Here are number of tips from Caltrans and NDOT on maneuvering mountain roads

  • Make sure that your brakes, windshield wipers, defroster, heater and exhaust systems are in good condition.
  • Don’t go down a mountain road any faster than you can go up it. Do not slam on brakes. Instead apply steady pressure on vehicles with anti-lock brakes and pump the brakes if necessary on vehicles aren’t equipped with anti-lock brakes.
  • Vehicles often build up speed moving down a steep hill. Use a low gear to help slow your vehicle down. Don’t drive in neutral or with your foot on the clutch. Check traffic through your mirrors. Be alert for large trucks and buses that may be going too fast. In some places, you will see a sign warning of a steep hill as shown in this figure.

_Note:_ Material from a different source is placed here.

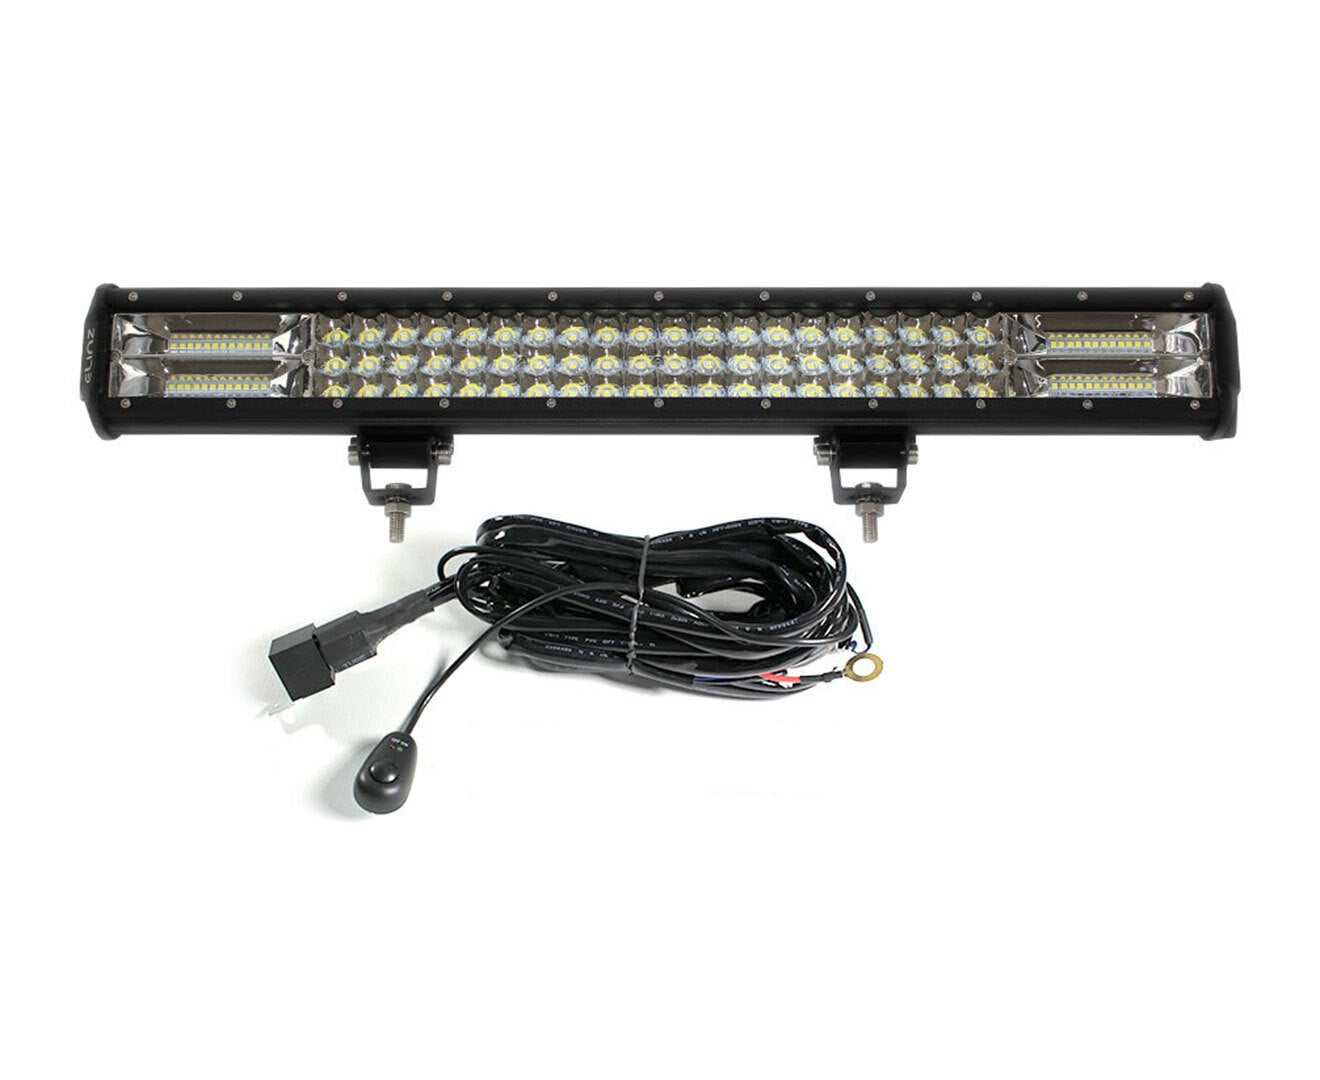 Elinz 23" inch LED Light Bar Work Driving Philips FLOOD SPOT COMBO Offroad 4WD 3 Rows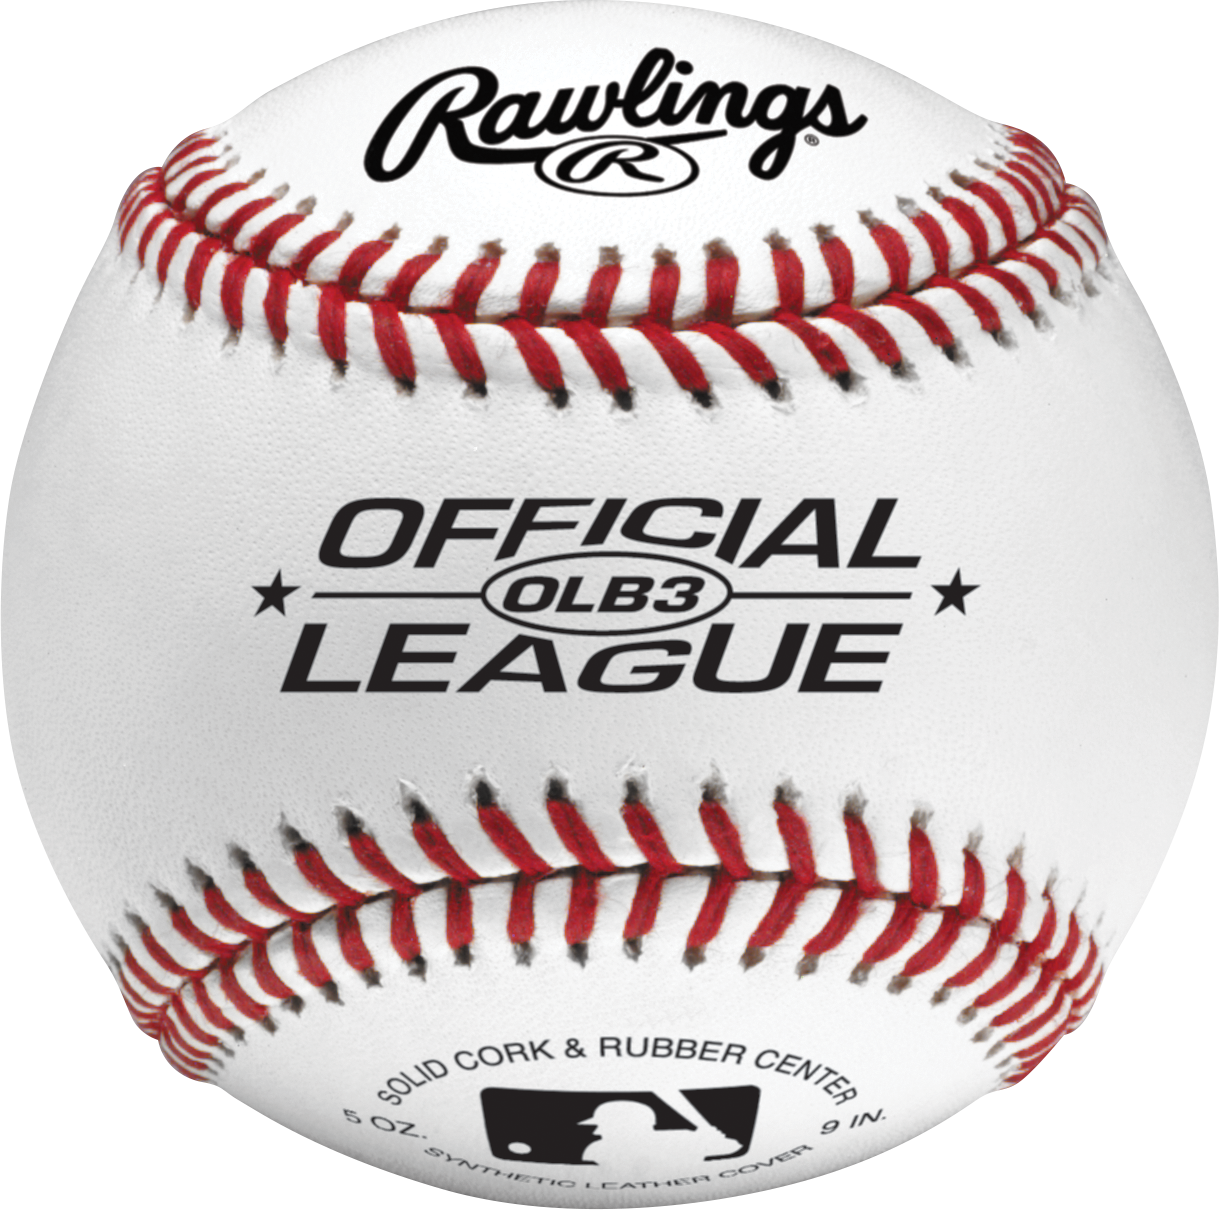 Rawlings 8U Official League OLB3 Practice Youth Baseballs in Mesh Bag, 12 Pieces - image 2 of 10

  • When ascending on a steep hill, maintain a steady speed by applying more pressure on the accelerator.
  • Don’t “hug” the center line.
  • If weather conditions deteriorate slow down, be more observant and demonstrate extra road courtesy. If other drivers appear to be in a hurry, let them pass — it may be an emergency.
  • Remove snow and ice from all vehicle windows, mirrors, lights, turn signals and license plates.
  • Reduce speed. Speed limits are based on normal road and weather conditions, not winter road conditions. And just because you’re in an SUV doesn’t mean that the added weight will keep you more grounded.
  • Many accidents involving SUVs happen because motorists tend to believe they can navigate the roads just as good with snow on them as without.
  • Don’t panic if you find yourself beginning to slide on snow or ice.
  • To negotiate out of this, take your foot off the gas and do not hit your brakes. Steer the front of your vehicle in the direction you wish to travel. If you must use the brakes, do not allow them to lock up.
  • Even though the roads look clear, what you see may be deceptive black ice. Many people get into trouble by assuming the roads will not be slippery unless the temperature is freezing or below. Ice forms on road surfaces anytime the air temperature drops below 40 degrees, especially when it’s windy. Bridges and underpasses can be especially hazardous as well as low or shaded areas that don’t get enough sunlight to melt icy spots. Late night and early morning hours are especially dangerous since water accumulates and freezes.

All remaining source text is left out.